她咬了咬牙,輕輕掩上門,從懷裡摸出一個小紙包,裡面是她用幾種具有麻痺和鎮痛效果的藥材配的粉末,效果不強,但或許有用。然後,她端起旁邊木架上的一盆備用熱水,深吸一口氣,走了出去。
“王師傅,熱水來了。”她提高聲音,儘量讓腳步顯得自然,走到密室門口。
裡面的聲音戛然而止。
片刻,門被拉開一條縫,露出王師傅半張臉,在昏暗的光線下,他獨眼中的血絲清晰可見,臉色異常難看。“誰讓你來的?回去!”
“我聽到聲音……需要幫忙嗎?”沈昭將水盆稍稍舉高,目光卻試圖越過王師傅的肩膀,看向室內。
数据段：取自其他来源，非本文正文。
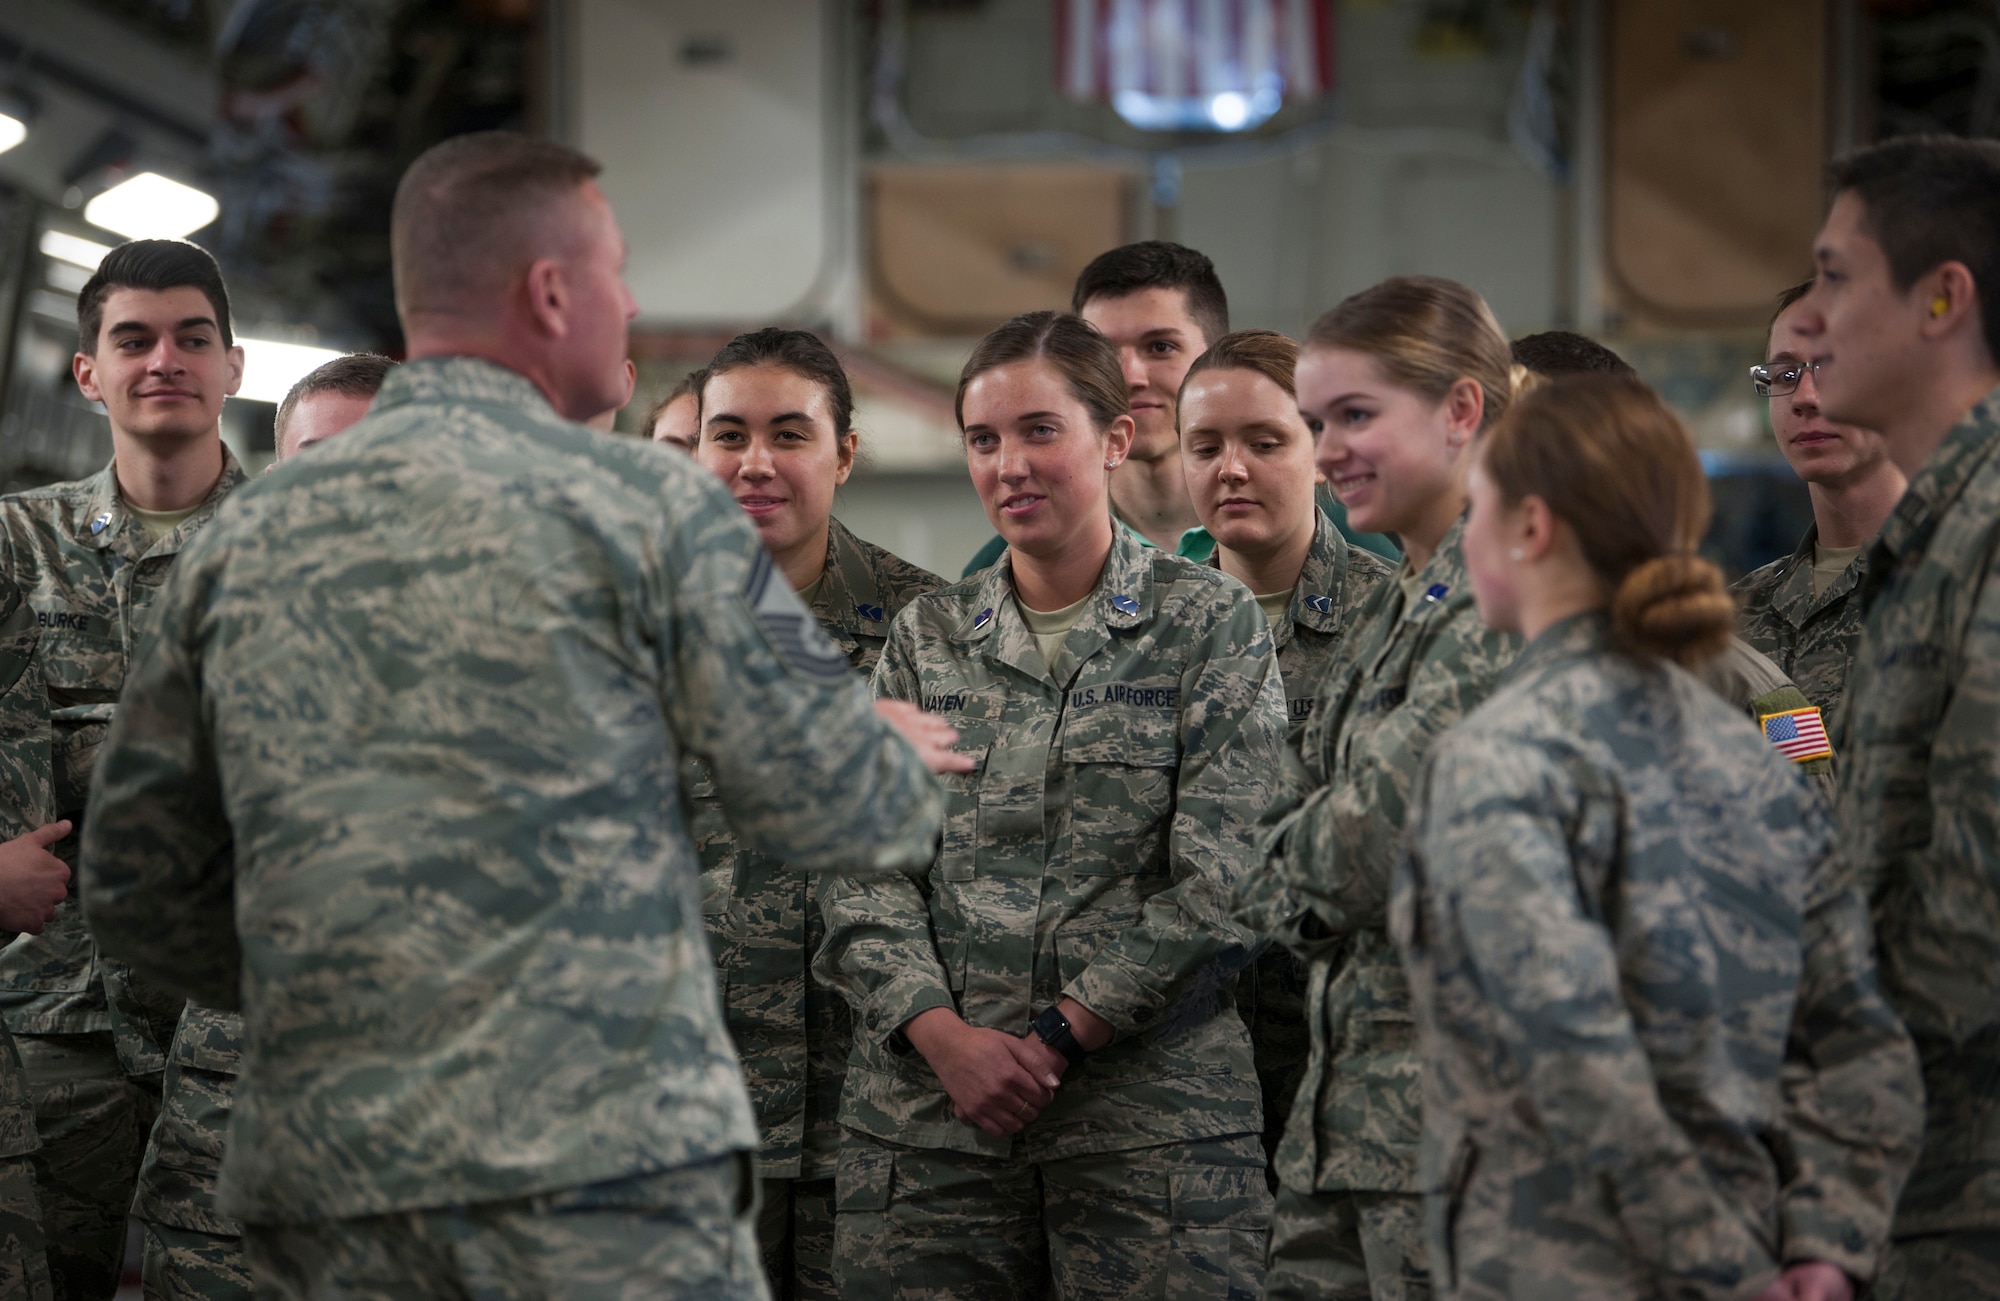 U.S. Air Force Senior Master Sgt. Byron Hayes, the career assistance advisor assigned to the 6th Force Support Squadron at MacDill Air Force Base, Fla., instructs Air Force Reserve Officer Training Corps cadets from Detachment 640 at Miami University, Ohio, March 19, 2018.

密室內,簡易的木榻上,躺著一個精壯的漢子,左腿自膝蓋以下,一片血肉模糊,骨頭都露了出來,傷口邊緣發黑,散發著一股不祥的腐臭氣味。那漢子滿臉橫肉,此刻因劇痛而扭曲,額上青筋暴跳,正是那夜礁石灘搜尋者之一的年輕聲音的主人!雖然他當時戴著斗笠,但沈昭記住了他下巴的輪廓和聲音。
漢子也看到了沈昭,眼中瞬間爆發出駭人的兇光,隨即是更深的警惕和殺意。
“看甚麼看!滾!”他低吼,想動,卻被王師傅死死按住。
“傷口潰爛入骨,筋脈已斷,膿毒入了血脈。不盡快切掉這條腿,你活不過三天。”王師傅聲音冰冷,對沈昭道,“放下水,出去。這裡沒你的事。”
沈昭卻沒有動。她看著那漢子的傷腿,腐爛的範圍,發黑的顏色,還有漢子臉上那不正常的潮紅和眼中時散的兇光。確實是嚴重的壞疽,已經引發了熱毒攻心。
“王師傅,”她開口,聲音不大,卻清晰,“如果……如果不用全切呢?”
王師傅和那漢子同時一愣。
“你說甚麼?”王師傅皺眉。
“他的傷在小腿,但大腿血脈尚通。如果只切掉壞死的小腿,用火烙徹底止血,配合烈酒沖洗和特製的祛腐生肌藥,或許……能保住膝蓋以上。”沈昭快速說道,目光直視王師傅,“全切,他以後就是廢人。留一截,裝上義肢,或許還能走,還能……做事。”
“你懂甚麼!”王師傅低喝,“膿毒入血,截肢不淨,死得更快!那些花裡胡哨的藥,頂個屁用!”
“我有一方,家父所傳,曾用於戰場,對祛除腐肉、剋制膿毒有奇效。可以一試。”沈昭不退讓。她不是在逞能,而是在賭。賭這個漢子對“還能做事”的渴望,賭王師傅對“更好結果”的考量,也賭……這個漢子知道的事情,值得她冒險救他一命。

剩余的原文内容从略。